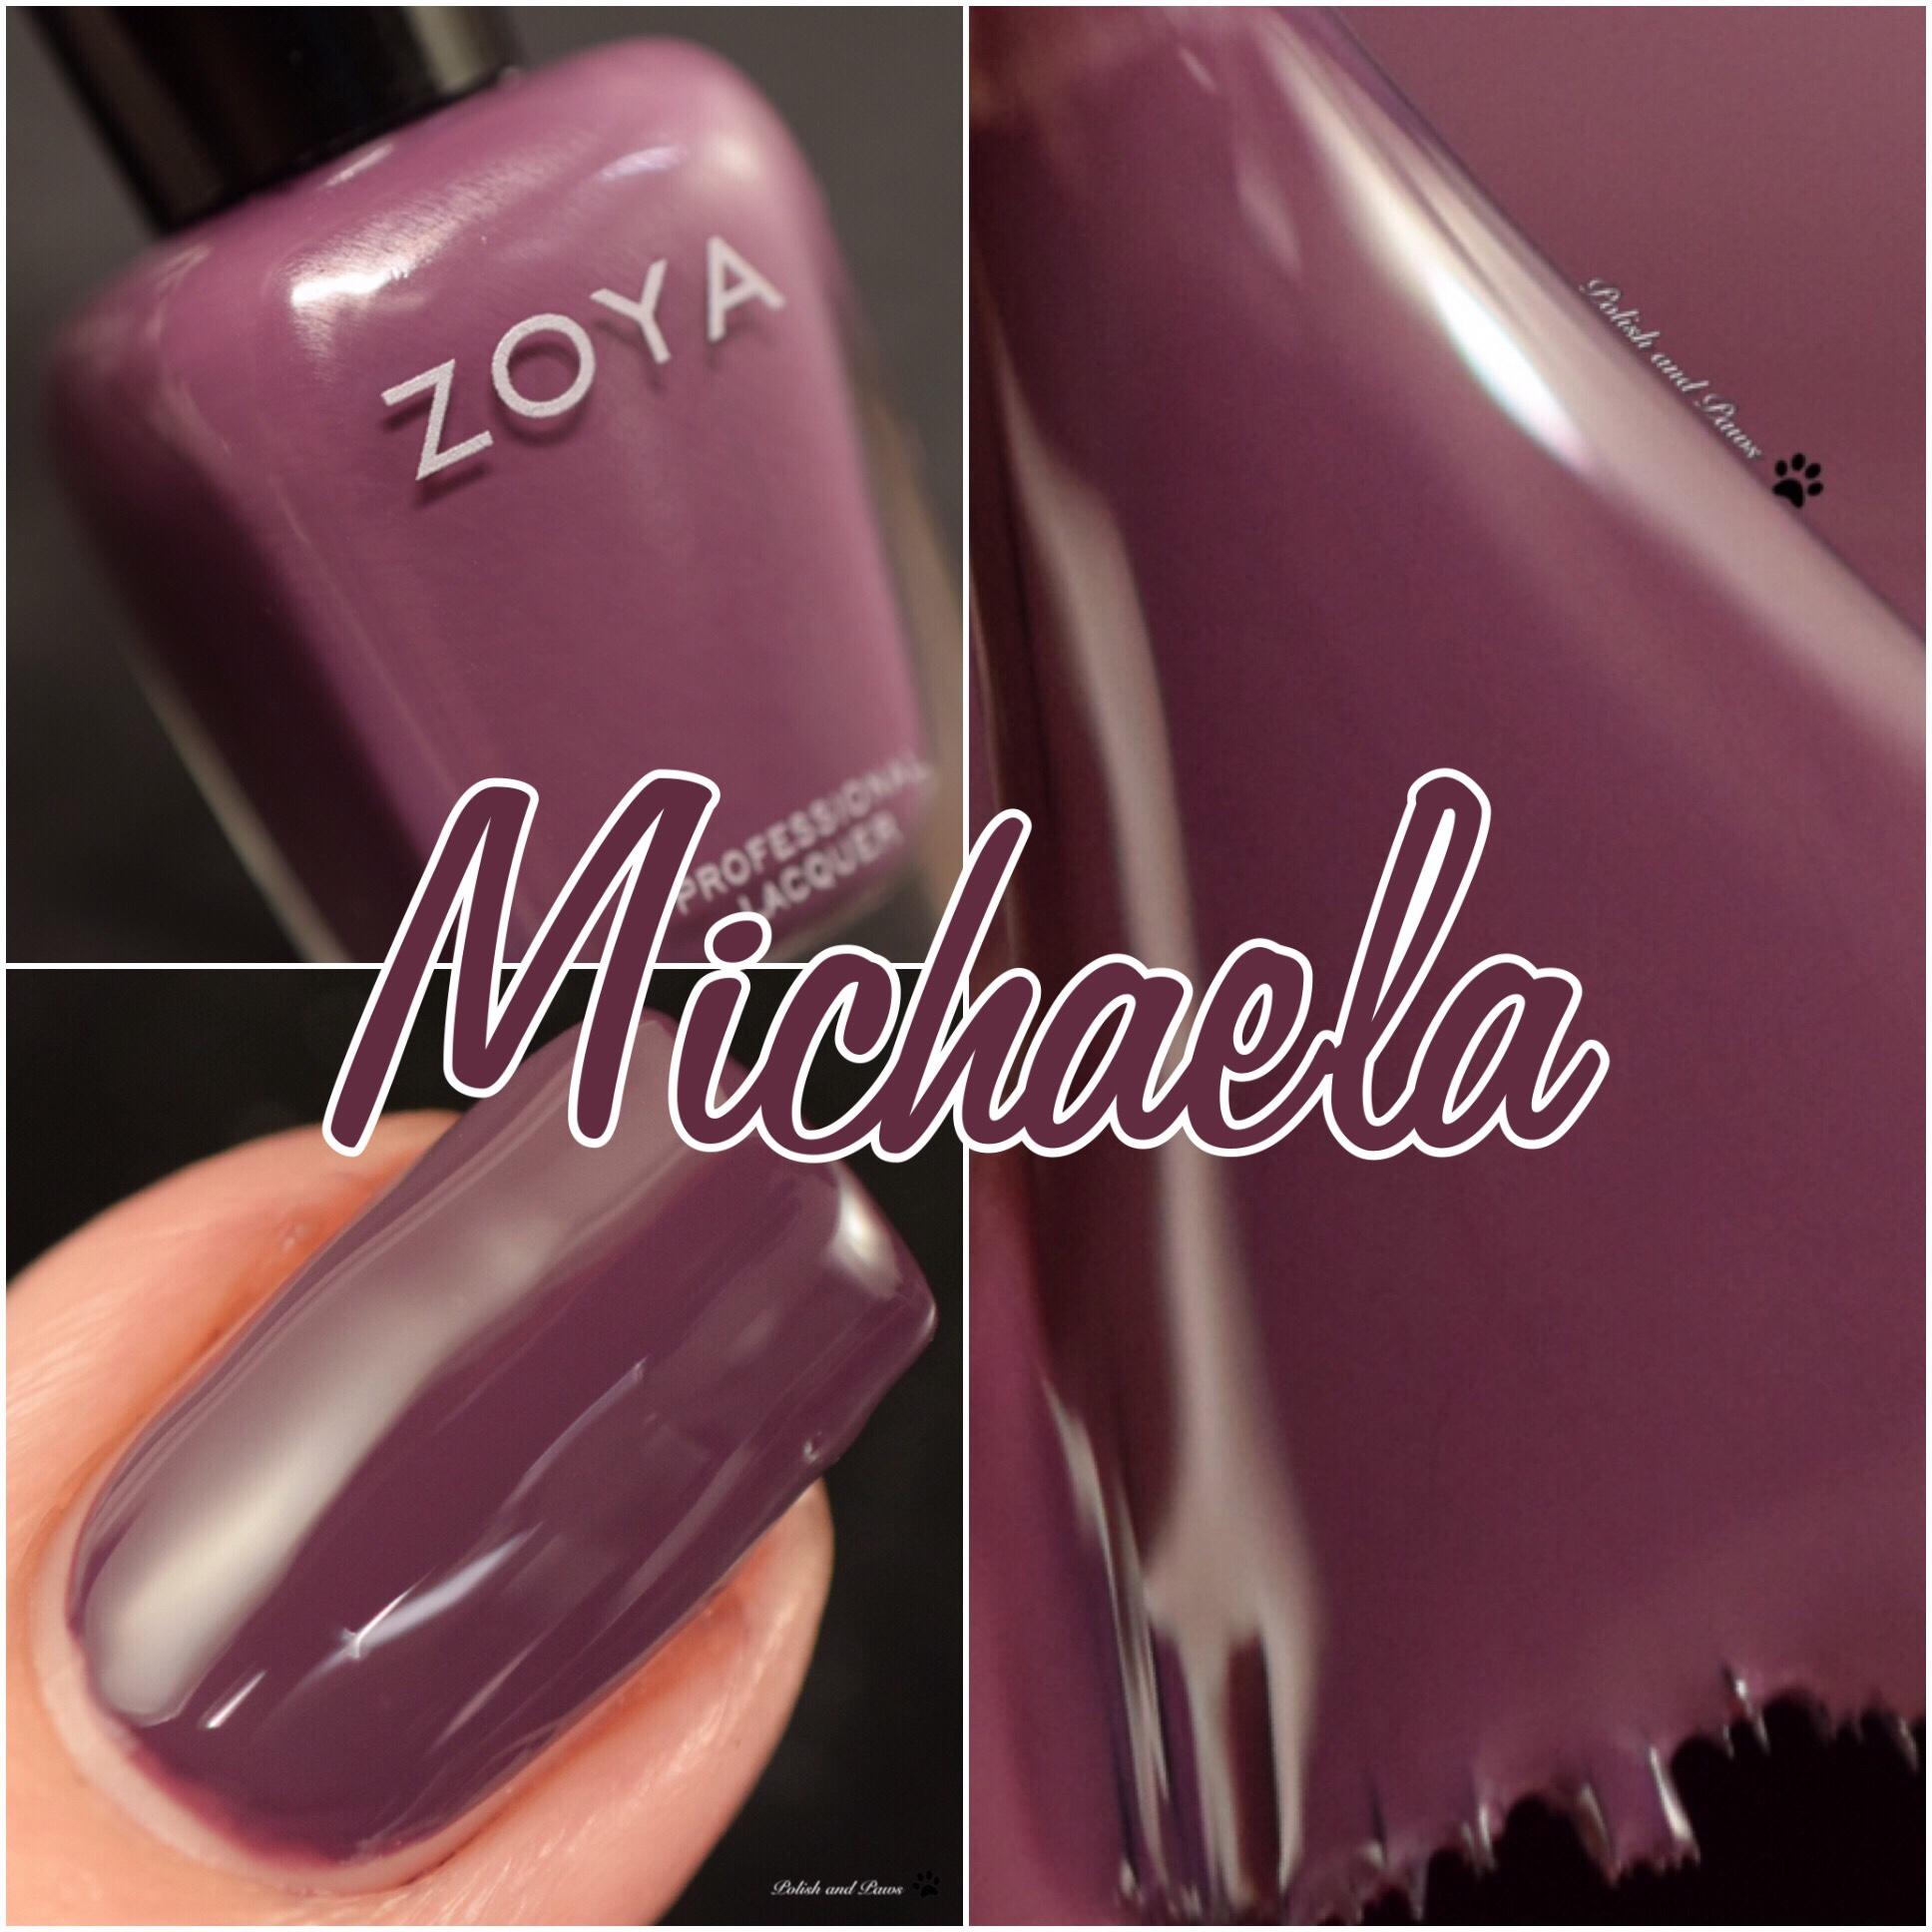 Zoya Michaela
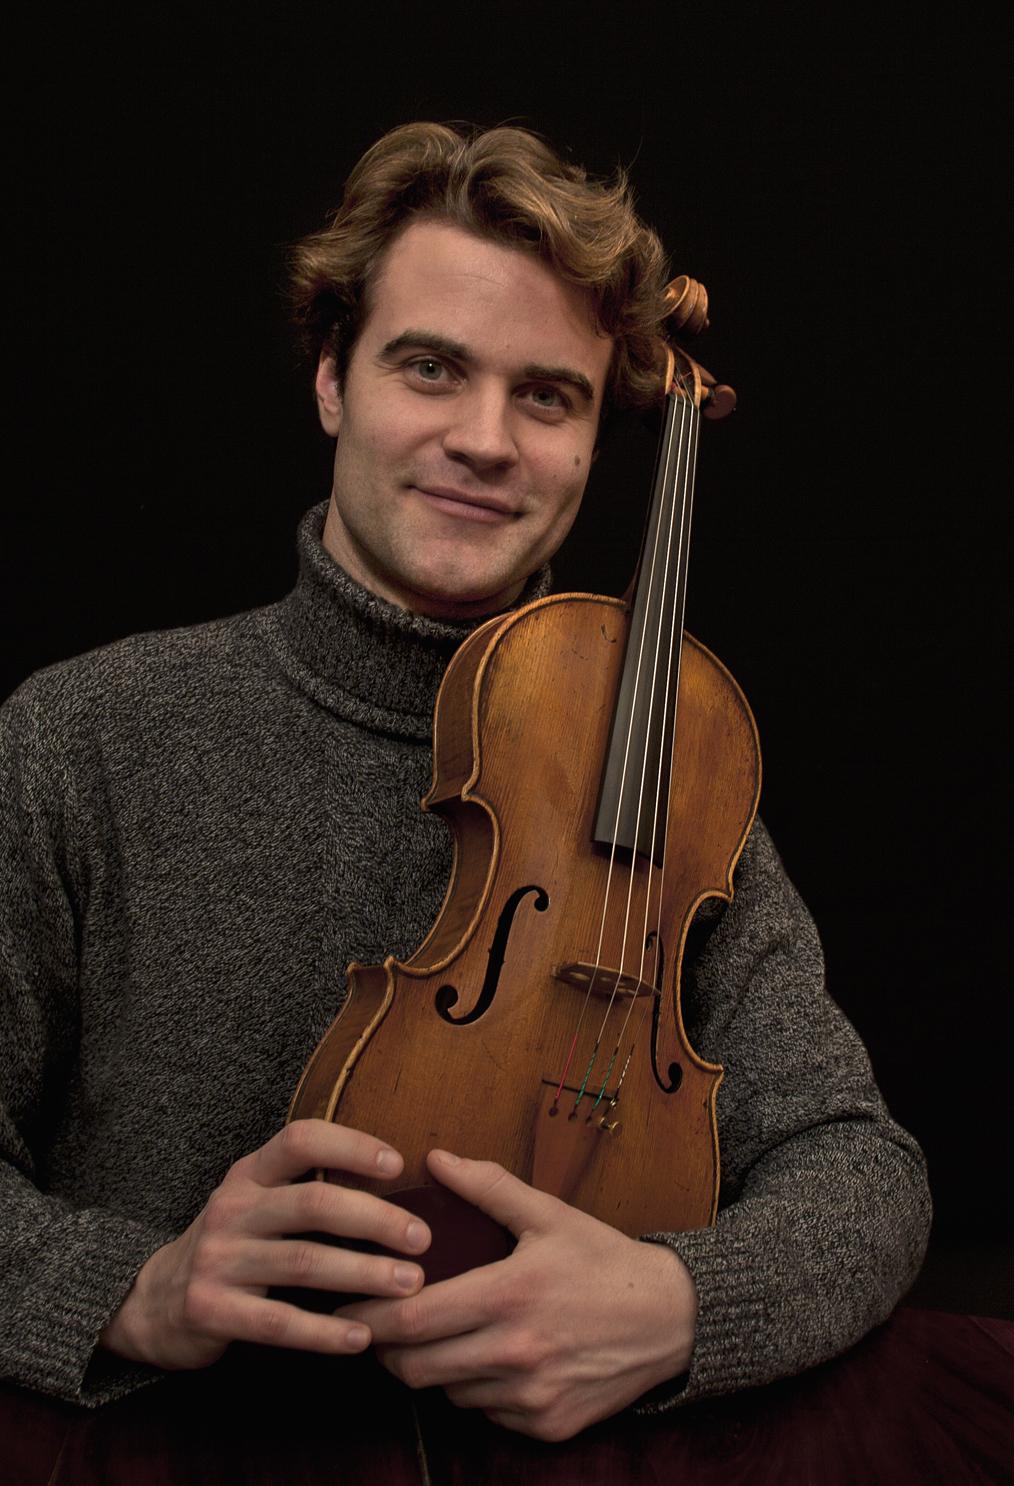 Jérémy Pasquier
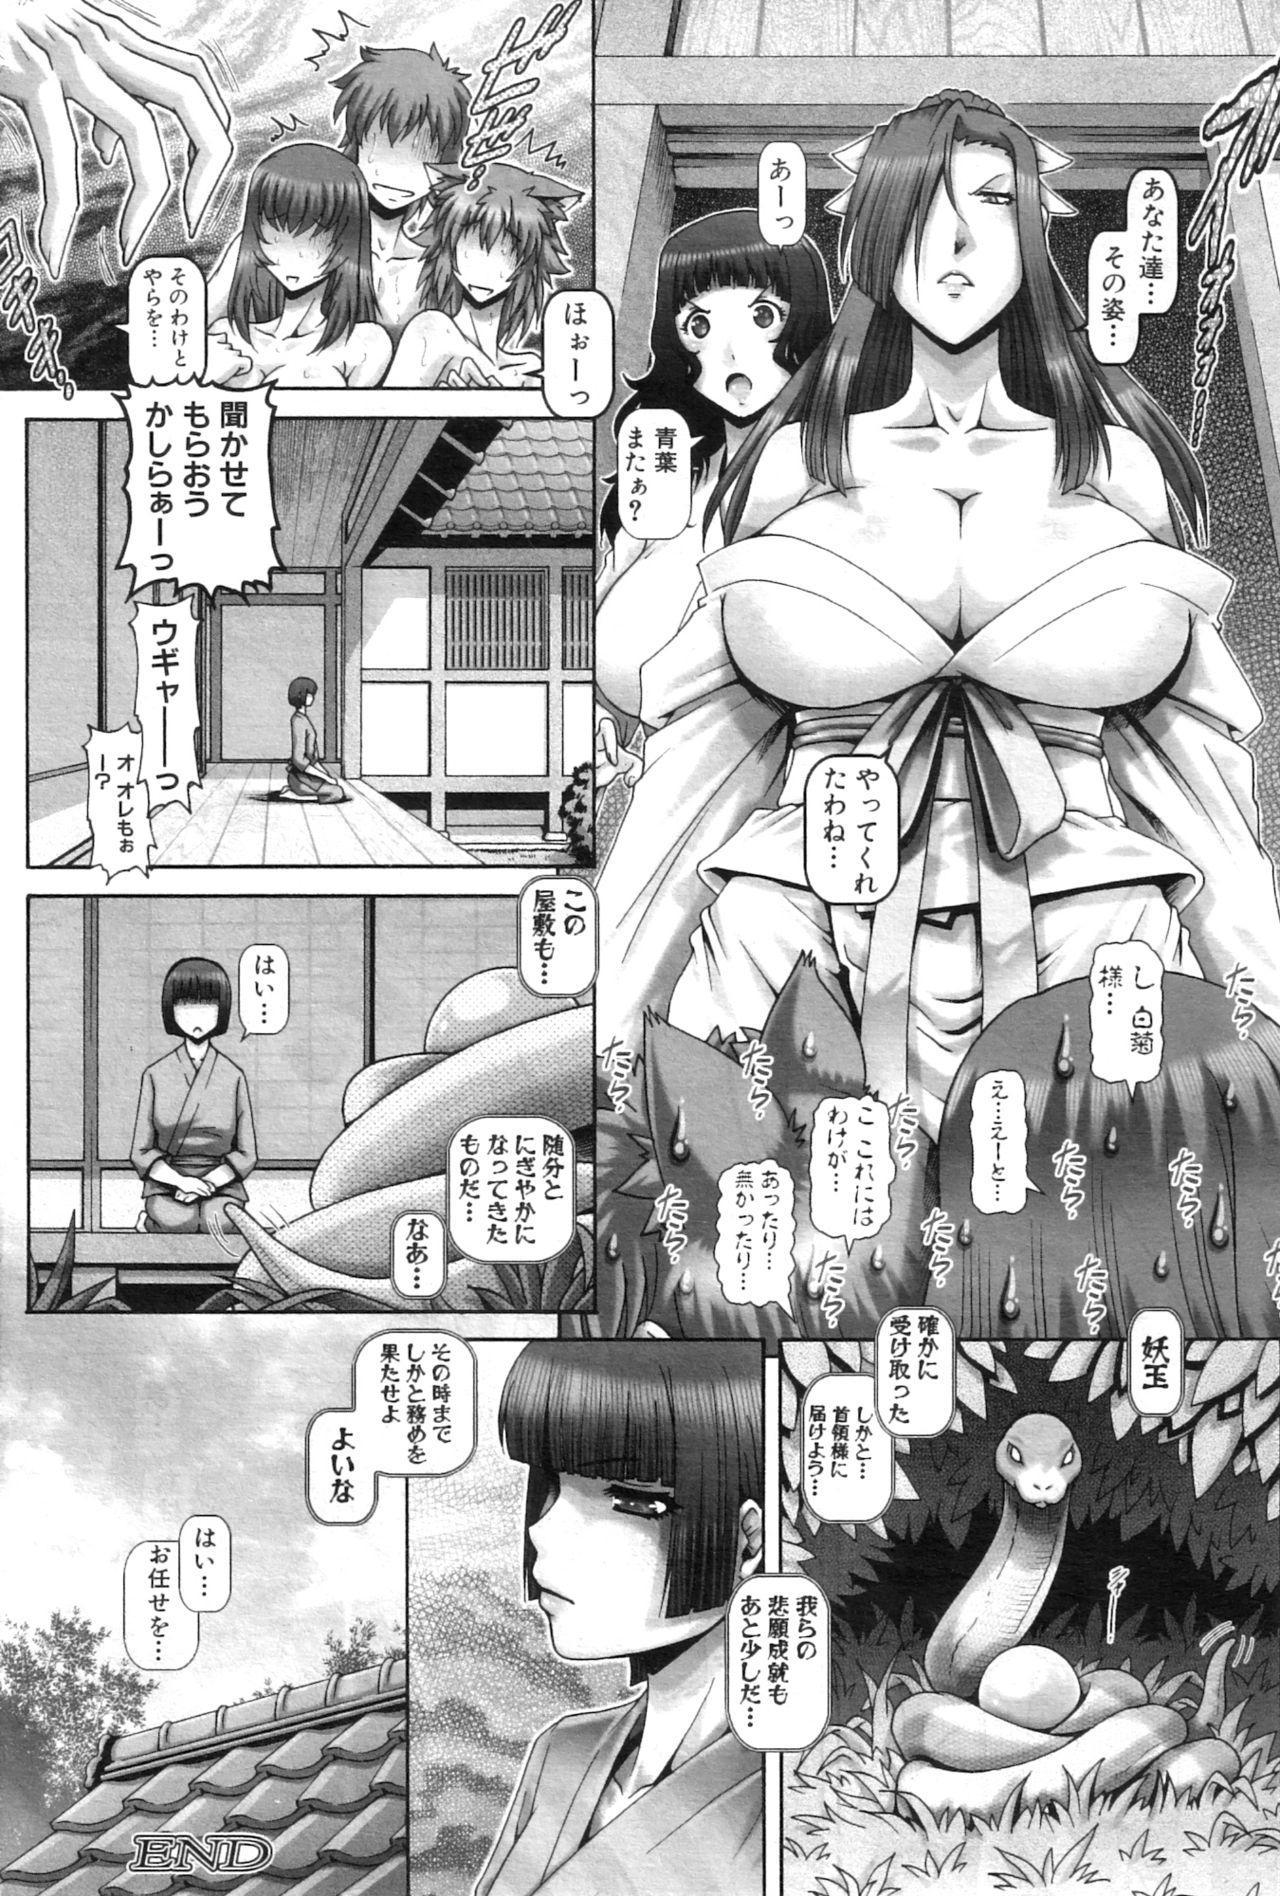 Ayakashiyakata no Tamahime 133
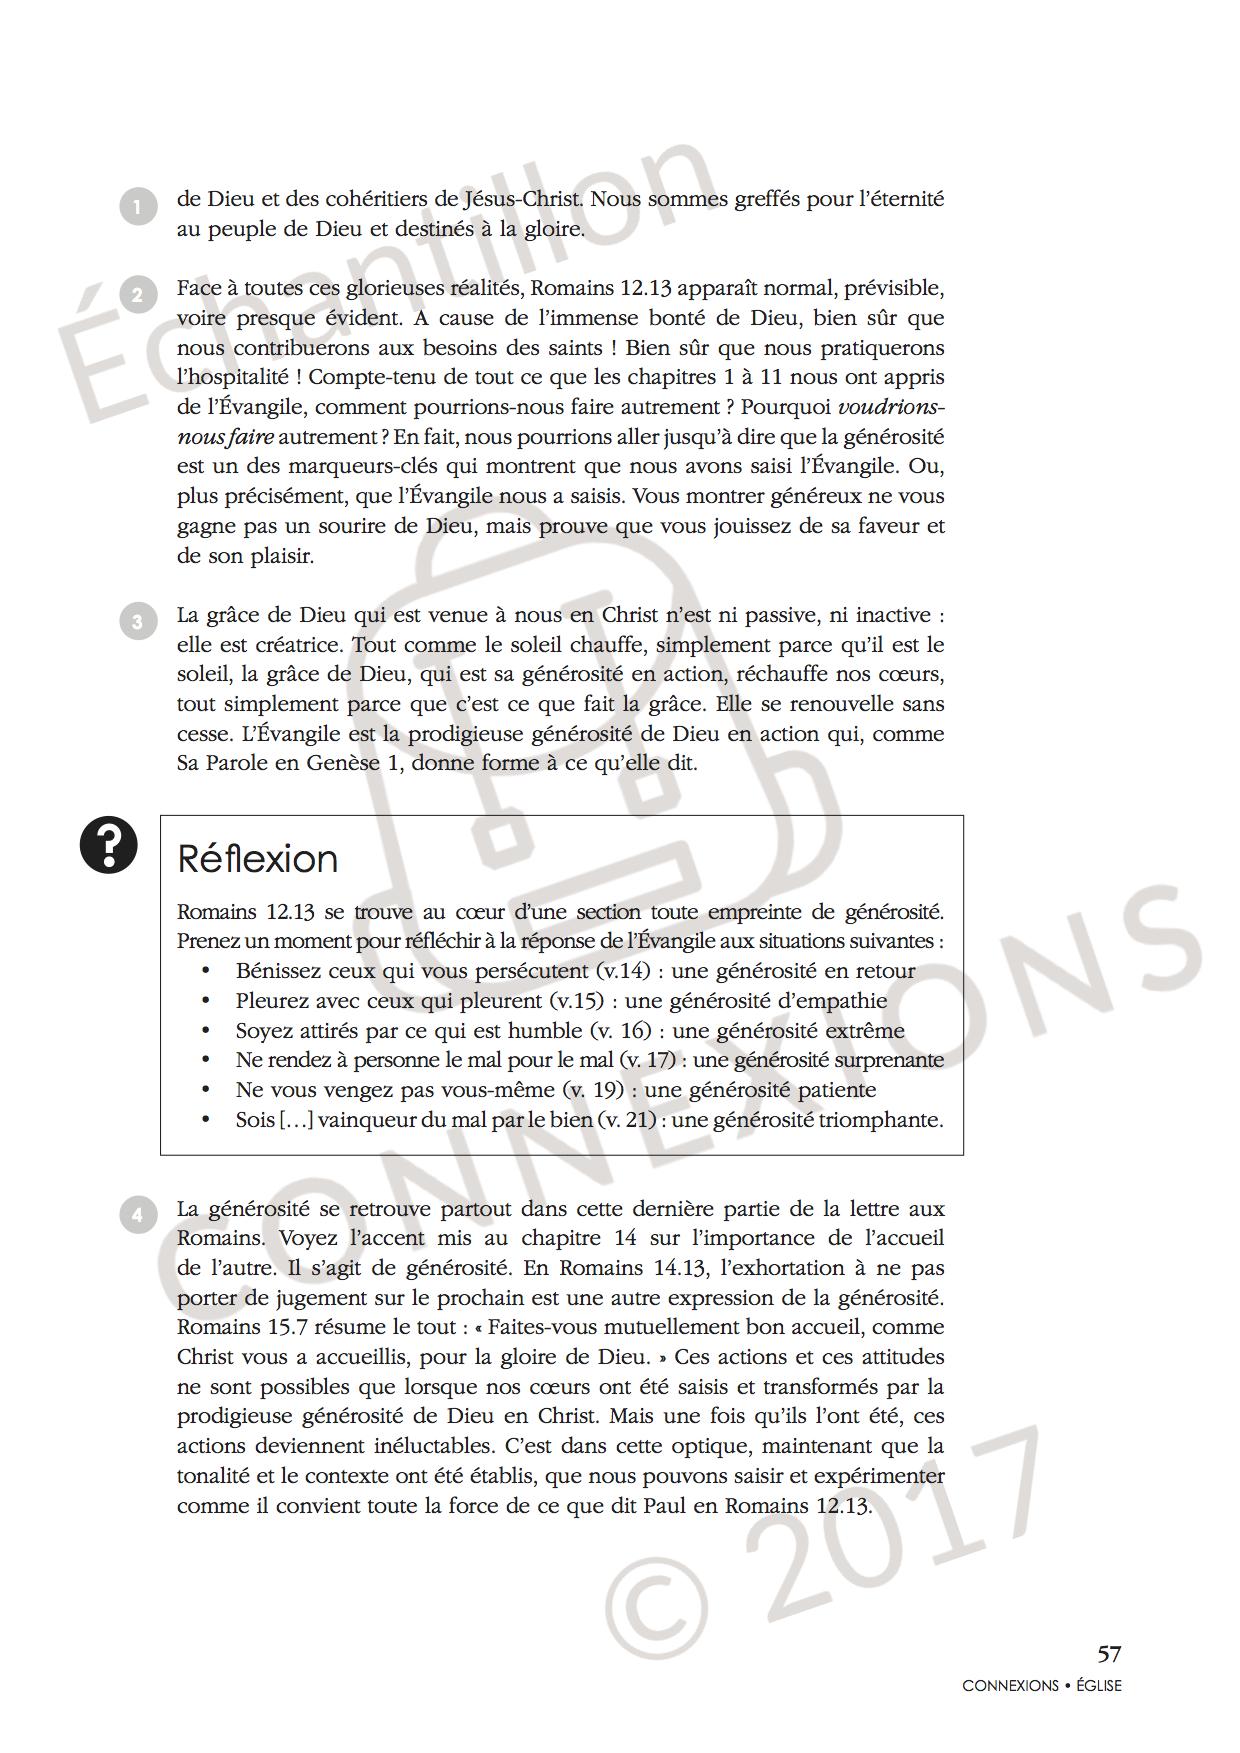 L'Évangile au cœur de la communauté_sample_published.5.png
========================================================================
Instructions for the task
Retype, word for word, only the line holding "Jérémy Pasquier" and the lines after it through the final line of the listing above, and leave every picture out.

Answer space
 Jérémy Pasquier
 Ayakashiyakata no Tamahime 133
 L'Évangile au cœur de la communauté_sample_published.5.png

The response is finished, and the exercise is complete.